* [EXERCISE] Only one portion of the data is to be written out: from the line bearing "CCN Sport Presents: Nordic" through the line bearing "New Hampshire State". Write it exactly as it appears.

==*==

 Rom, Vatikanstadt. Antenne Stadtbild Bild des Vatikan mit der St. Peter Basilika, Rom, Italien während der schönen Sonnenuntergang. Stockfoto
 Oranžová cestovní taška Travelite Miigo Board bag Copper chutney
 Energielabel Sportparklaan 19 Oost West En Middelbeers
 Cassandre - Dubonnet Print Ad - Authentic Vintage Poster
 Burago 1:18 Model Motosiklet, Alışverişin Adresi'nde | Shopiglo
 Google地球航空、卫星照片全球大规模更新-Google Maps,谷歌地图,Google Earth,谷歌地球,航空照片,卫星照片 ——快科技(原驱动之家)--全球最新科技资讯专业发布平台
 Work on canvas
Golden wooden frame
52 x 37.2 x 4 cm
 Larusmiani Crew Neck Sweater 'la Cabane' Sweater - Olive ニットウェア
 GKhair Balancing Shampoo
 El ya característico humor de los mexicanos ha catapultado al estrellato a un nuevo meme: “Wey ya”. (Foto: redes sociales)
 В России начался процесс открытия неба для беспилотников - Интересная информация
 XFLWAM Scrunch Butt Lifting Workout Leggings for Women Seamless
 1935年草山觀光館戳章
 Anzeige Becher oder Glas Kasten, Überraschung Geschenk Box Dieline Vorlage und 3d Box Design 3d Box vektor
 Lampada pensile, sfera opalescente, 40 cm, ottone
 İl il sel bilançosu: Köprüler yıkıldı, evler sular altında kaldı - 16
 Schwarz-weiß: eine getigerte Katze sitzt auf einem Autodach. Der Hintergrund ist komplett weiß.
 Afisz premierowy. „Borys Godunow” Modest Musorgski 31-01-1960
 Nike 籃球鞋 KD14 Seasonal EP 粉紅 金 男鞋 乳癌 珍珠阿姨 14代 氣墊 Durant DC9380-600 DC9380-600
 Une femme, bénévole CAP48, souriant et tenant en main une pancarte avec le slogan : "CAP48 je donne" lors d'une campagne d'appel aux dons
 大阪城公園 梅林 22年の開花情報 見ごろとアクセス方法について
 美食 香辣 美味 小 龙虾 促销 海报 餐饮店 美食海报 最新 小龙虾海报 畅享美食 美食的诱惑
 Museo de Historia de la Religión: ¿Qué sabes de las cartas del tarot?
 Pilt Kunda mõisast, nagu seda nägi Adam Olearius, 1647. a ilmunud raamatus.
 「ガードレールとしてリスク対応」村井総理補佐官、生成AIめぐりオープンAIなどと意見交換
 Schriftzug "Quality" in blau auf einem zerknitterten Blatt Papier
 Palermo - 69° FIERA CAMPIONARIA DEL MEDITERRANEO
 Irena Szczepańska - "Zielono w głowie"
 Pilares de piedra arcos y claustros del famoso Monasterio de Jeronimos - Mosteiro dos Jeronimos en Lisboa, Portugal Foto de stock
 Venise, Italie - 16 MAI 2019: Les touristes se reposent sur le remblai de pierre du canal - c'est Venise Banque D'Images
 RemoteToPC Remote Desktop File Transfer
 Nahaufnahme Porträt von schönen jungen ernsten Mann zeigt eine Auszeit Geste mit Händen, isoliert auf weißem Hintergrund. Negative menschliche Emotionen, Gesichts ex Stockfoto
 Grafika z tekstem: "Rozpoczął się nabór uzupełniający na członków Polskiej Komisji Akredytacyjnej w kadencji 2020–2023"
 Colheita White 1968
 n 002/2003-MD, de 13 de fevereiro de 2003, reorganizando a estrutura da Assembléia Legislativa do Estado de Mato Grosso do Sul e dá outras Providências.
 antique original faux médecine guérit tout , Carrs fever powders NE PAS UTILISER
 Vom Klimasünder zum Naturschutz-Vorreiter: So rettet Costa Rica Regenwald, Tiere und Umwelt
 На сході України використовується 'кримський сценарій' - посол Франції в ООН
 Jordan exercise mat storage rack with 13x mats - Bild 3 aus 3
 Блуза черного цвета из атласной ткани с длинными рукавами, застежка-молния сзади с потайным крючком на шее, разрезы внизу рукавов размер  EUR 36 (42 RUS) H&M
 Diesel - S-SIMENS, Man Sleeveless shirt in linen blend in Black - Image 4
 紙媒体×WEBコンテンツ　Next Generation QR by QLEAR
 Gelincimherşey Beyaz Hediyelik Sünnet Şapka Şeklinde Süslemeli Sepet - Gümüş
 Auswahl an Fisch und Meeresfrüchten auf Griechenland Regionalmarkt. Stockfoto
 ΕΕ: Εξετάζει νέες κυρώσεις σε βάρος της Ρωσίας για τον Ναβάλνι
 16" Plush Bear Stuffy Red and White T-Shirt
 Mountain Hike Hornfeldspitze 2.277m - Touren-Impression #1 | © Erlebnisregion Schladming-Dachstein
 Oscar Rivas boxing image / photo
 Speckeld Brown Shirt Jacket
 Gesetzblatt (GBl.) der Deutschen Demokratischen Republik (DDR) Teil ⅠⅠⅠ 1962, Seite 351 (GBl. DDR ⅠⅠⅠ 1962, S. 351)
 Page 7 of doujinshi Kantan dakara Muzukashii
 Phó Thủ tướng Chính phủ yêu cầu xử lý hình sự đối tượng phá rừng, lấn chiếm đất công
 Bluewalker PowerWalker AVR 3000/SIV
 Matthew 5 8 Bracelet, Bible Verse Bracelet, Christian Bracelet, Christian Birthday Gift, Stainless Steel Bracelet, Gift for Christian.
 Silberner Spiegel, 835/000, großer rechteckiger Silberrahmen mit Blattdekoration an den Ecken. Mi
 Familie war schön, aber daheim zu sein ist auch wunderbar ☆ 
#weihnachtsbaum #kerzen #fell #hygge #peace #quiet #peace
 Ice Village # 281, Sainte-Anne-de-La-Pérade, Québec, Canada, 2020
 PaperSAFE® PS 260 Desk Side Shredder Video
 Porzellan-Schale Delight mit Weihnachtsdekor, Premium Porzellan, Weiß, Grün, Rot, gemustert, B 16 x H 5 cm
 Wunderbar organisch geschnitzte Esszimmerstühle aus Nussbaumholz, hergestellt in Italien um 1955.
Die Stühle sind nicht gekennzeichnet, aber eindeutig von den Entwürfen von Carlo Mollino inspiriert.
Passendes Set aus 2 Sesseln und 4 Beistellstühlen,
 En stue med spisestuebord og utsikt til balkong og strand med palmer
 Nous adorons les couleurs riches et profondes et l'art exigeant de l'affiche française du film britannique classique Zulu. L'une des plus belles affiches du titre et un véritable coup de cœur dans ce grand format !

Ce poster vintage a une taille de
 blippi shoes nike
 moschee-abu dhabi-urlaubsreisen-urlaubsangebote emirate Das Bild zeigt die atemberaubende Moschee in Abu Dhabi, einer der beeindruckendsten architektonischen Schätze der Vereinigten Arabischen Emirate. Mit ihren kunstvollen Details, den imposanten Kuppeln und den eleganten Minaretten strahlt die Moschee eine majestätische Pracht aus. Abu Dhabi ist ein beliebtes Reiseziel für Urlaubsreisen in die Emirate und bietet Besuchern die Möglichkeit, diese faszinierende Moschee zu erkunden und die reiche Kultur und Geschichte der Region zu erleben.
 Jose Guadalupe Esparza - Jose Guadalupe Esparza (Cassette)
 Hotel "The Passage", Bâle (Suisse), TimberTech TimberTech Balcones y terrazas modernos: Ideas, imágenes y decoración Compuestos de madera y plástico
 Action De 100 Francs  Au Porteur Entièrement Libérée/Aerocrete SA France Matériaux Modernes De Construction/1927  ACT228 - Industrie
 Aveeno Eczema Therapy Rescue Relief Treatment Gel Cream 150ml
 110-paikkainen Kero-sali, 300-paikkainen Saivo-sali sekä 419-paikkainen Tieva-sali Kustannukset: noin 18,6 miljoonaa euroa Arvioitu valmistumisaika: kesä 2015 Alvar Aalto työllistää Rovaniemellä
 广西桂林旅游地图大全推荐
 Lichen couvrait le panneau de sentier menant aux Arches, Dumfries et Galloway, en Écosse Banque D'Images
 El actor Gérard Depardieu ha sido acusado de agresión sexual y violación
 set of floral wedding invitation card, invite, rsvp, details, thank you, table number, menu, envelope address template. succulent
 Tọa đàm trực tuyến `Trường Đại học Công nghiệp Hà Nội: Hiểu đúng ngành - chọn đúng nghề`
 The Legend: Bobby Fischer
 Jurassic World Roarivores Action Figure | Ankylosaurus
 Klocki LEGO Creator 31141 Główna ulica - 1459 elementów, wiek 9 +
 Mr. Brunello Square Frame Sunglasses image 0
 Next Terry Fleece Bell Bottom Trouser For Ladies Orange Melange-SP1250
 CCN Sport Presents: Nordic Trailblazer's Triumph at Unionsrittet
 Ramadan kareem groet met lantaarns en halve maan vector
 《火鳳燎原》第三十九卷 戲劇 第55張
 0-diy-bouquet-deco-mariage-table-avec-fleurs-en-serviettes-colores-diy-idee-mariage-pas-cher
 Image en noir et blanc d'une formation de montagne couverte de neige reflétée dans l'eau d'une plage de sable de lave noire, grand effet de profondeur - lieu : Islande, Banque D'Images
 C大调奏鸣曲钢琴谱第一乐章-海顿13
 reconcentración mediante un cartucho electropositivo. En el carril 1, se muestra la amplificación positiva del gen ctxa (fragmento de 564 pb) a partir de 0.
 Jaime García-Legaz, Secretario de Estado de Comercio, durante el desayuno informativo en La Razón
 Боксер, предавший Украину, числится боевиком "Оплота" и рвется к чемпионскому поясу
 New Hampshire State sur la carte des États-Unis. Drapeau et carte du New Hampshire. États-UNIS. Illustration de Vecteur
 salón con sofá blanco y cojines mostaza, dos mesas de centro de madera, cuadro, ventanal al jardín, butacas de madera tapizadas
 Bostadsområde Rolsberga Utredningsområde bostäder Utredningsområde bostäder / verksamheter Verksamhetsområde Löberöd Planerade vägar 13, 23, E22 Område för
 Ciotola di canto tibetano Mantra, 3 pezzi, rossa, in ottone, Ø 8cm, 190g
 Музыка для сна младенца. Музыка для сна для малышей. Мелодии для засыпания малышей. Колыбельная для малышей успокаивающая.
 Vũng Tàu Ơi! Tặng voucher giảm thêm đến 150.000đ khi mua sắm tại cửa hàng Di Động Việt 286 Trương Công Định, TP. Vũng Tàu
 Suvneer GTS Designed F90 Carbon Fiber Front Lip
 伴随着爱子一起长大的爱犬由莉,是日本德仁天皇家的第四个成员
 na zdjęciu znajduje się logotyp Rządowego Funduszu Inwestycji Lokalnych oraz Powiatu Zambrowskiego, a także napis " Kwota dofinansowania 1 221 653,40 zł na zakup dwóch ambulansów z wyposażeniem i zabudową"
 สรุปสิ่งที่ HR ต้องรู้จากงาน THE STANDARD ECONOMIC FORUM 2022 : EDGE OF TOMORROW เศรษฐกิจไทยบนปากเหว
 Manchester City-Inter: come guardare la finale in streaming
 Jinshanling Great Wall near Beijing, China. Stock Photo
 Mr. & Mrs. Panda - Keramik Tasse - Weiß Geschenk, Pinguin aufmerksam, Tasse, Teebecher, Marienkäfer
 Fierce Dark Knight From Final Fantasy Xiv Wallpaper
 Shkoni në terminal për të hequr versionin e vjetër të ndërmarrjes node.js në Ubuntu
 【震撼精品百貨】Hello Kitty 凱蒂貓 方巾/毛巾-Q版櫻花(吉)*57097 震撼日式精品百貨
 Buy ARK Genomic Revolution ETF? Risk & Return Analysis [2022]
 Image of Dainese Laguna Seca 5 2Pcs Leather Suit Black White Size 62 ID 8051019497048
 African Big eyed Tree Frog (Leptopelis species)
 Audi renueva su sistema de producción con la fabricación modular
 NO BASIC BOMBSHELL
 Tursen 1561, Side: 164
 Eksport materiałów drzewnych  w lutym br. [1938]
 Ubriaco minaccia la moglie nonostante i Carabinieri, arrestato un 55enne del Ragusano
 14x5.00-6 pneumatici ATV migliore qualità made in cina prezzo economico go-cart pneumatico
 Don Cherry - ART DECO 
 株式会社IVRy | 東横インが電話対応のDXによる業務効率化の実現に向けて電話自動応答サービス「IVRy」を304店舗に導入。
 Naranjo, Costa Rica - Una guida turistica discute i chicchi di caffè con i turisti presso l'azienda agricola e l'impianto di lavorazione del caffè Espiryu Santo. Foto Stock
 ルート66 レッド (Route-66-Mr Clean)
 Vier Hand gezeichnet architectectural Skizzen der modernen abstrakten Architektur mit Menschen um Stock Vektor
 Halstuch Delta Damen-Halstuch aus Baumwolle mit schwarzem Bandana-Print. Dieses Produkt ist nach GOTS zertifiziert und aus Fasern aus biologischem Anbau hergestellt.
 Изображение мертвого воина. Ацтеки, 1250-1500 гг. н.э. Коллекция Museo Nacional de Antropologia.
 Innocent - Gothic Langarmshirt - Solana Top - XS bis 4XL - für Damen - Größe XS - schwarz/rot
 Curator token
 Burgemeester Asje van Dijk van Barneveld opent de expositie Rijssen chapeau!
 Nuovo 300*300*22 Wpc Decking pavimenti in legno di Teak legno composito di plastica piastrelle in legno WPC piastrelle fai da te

==*==

* [SOLVED PROBLEM]
 CCN Sport Presents: Nordic Trailblazer's Triumph at Unionsrittet
 Ramadan kareem groet met lantaarns en halve maan vector
 《火鳳燎原》第三十九卷 戲劇 第55張
 0-diy-bouquet-deco-mariage-table-avec-fleurs-en-serviettes-colores-diy-idee-mariage-pas-cher
 Image en noir et blanc d'une formation de montagne couverte de neige reflétée dans l'eau d'une plage de sable de lave noire, grand effet de profondeur - lieu : Islande, Banque D'Images
 C大调奏鸣曲钢琴谱第一乐章-海顿13
 reconcentración mediante un cartucho electropositivo. En el carril 1, se muestra la amplificación positiva del gen ctxa (fragmento de 564 pb) a partir de 0.
 Jaime García-Legaz, Secretario de Estado de Comercio, durante el desayuno informativo en La Razón
 Боксер, предавший Украину, числится боевиком "Оплота" и рвется к чемпионскому поясу
 New Hampshire State sur la carte des États-Unis. Drapeau et carte du New Hampshire. États-UNIS. Illustration de Vecteur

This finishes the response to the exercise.